• [LISTED RECORDS]
---*---
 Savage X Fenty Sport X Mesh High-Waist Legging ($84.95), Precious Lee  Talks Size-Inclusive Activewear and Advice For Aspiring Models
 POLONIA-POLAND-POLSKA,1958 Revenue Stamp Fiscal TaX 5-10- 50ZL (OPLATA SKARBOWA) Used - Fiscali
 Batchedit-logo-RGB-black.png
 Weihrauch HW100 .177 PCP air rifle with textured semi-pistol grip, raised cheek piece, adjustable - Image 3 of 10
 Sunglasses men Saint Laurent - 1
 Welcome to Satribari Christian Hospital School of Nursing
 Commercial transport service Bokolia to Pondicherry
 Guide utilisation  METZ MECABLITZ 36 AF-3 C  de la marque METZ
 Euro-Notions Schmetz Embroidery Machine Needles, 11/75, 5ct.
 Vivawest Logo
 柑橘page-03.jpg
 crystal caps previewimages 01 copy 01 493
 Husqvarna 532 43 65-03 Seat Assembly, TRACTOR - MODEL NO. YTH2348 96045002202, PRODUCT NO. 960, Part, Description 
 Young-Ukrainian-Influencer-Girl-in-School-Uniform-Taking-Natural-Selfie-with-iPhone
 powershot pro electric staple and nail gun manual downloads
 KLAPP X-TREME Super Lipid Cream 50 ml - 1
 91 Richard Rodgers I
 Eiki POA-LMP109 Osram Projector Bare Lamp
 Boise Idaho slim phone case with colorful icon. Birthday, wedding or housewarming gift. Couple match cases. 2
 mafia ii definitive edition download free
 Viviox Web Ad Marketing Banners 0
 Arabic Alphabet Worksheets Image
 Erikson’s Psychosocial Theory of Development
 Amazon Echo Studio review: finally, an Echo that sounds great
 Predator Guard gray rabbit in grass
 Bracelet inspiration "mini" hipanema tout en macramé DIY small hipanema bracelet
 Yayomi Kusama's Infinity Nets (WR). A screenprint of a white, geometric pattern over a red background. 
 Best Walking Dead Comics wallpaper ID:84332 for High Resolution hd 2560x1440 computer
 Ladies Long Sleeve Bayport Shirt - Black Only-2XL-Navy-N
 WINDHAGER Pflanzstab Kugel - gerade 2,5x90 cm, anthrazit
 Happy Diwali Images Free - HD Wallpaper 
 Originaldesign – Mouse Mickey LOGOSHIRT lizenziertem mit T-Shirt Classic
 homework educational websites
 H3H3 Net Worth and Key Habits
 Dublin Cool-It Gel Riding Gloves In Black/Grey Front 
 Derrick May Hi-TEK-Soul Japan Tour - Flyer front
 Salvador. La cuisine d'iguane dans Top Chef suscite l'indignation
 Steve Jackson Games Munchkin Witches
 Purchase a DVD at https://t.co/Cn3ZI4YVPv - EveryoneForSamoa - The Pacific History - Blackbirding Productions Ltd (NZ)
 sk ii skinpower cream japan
---*---
• [PROBLEM REQUIREMENTS]
Your answer should be the whole listing above, repeated exactly as it appears.

• [EXERCISE ANSWER]
 Savage X Fenty Sport X Mesh High-Waist Legging ($84.95), Precious Lee  Talks Size-Inclusive Activewear and Advice For Aspiring Models
 POLONIA-POLAND-POLSKA,1958 Revenue Stamp Fiscal TaX 5-10- 50ZL (OPLATA SKARBOWA) Used - Fiscali
 Batchedit-logo-RGB-black.png
 Weihrauch HW100 .177 PCP air rifle with textured semi-pistol grip, raised cheek piece, adjustable - Image 3 of 10
 Sunglasses men Saint Laurent - 1
 Welcome to Satribari Christian Hospital School of Nursing
 Commercial transport service Bokolia to Pondicherry
 Guide utilisation  METZ MECABLITZ 36 AF-3 C  de la marque METZ
 Euro-Notions Schmetz Embroidery Machine Needles, 11/75, 5ct.
 Vivawest Logo
 柑橘page-03.jpg
 crystal caps previewimages 01 copy 01 493
 Husqvarna 532 43 65-03 Seat Assembly, TRACTOR - MODEL NO. YTH2348 96045002202, PRODUCT NO. 960, Part, Description 
 Young-Ukrainian-Influencer-Girl-in-School-Uniform-Taking-Natural-Selfie-with-iPhone
 powershot pro electric staple and nail gun manual downloads
 KLAPP X-TREME Super Lipid Cream 50 ml - 1
 91 Richard Rodgers I
 Eiki POA-LMP109 Osram Projector Bare Lamp
 Boise Idaho slim phone case with colorful icon. Birthday, wedding or housewarming gift. Couple match cases. 2
 mafia ii definitive edition download free
 Viviox Web Ad Marketing Banners 0
 Arabic Alphabet Worksheets Image
 Erikson’s Psychosocial Theory of Development
 Amazon Echo Studio review: finally, an Echo that sounds great
 Predator Guard gray rabbit in grass
 Bracelet inspiration "mini" hipanema tout en macramé DIY small hipanema bracelet
 Yayomi Kusama's Infinity Nets (WR). A screenprint of a white, geometric pattern over a red background. 
 Best Walking Dead Comics wallpaper ID:84332 for High Resolution hd 2560x1440 computer
 Ladies Long Sleeve Bayport Shirt - Black Only-2XL-Navy-N
 WINDHAGER Pflanzstab Kugel - gerade 2,5x90 cm, anthrazit
 Happy Diwali Images Free - HD Wallpaper 
 Originaldesign – Mouse Mickey LOGOSHIRT lizenziertem mit T-Shirt Classic
 homework educational websites
 H3H3 Net Worth and Key Habits
 Dublin Cool-It Gel Riding Gloves In Black/Grey Front 
 Derrick May Hi-TEK-Soul Japan Tour - Flyer front
 Salvador. La cuisine d'iguane dans Top Chef suscite l'indignation
 Steve Jackson Games Munchkin Witches
 Purchase a DVD at https://t.co/Cn3ZI4YVPv - EveryoneForSamoa - The Pacific History - Blackbirding Productions Ltd (NZ)
 sk ii skinpower cream japan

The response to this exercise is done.